So you don't think it has anything to with many teen-agers are texting and then have accident? I been hit twice in ten years and both times back ended by teens texting.
Nope. The statistics don't bear it out. Teenagers today are no more prone to accidents than teenagers in my day, proportioned to the fact that probably way more teenagers are driving today than in my day.
Cars are far safer today than they were in my teenage years. If insurance was truly market driven, insurance rates would be lowering. Instead, they have skyrocketed simply due to profit motive.
This to me, means insurance should not be a privatized system. But this stuff is really complicated and muffled because no one really knows what the role of Capitalism is in society - free competition is probably its most useful societal goal.
No question in my mind though, competition does lead, in theory and in practice, to better products and generally lower costs.Except in insurance.
One thing that worries me is the Free Trade also leads to better products. American cars were made waaay better once Asian cars were allowed in the US. I have not reconciled this fact with my own societal goal that one role of the government is to protect homeland jobs. Something has to give in my system of beliefs, or I am missing something. Working on it.
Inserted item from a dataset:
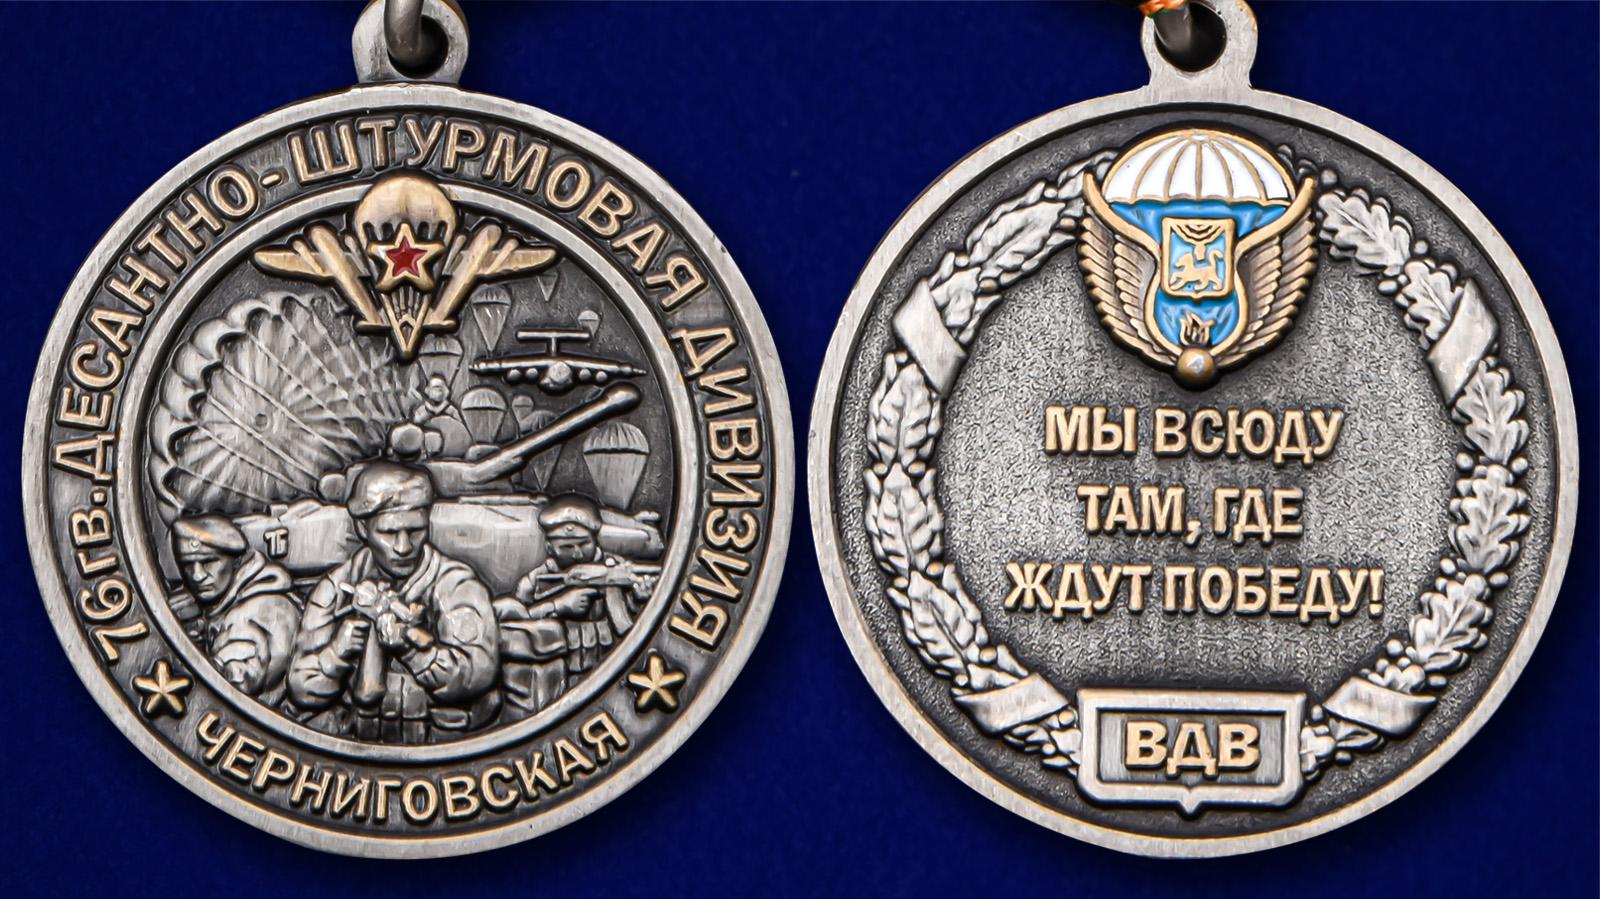 Латунная медаль 76-я гв. Десантно-штурмовая дивизия - аверс и реверс

One possibility is that the government takes customer satisfaction polls in value/$ and other metrics like longevity and reliability. The lower the satisfaction, it turns the dial to favor Free Trade and vice versa. So it is not a two-valued logic. Free Trade is neither good nor bad, but somewhere in between and constantly being monitored. This way, monopolistic environment and all their flaws are avoided. It also rewards excellence.
This kind of adaptive system probably works on many things. For example, I am also thinking about the correct way to entice people to vote. One idea is that we don't vote for one candidate, but instead we grade several candidates on a scale of say 1 to 10. That way, if your top candidate doesn't win, your vote goes to the next top candidate in your list. This way, your vote always counts, it just gets weighted to some non-zero value. So say you like Trump, then Kasich, then Cruz, then Rubio. You assign 10-Trump, 7-Kasich, and so on. That way even if your candidate doesn't win, your 7-Kasich, etc gets counted and it could then be used to assign delegates.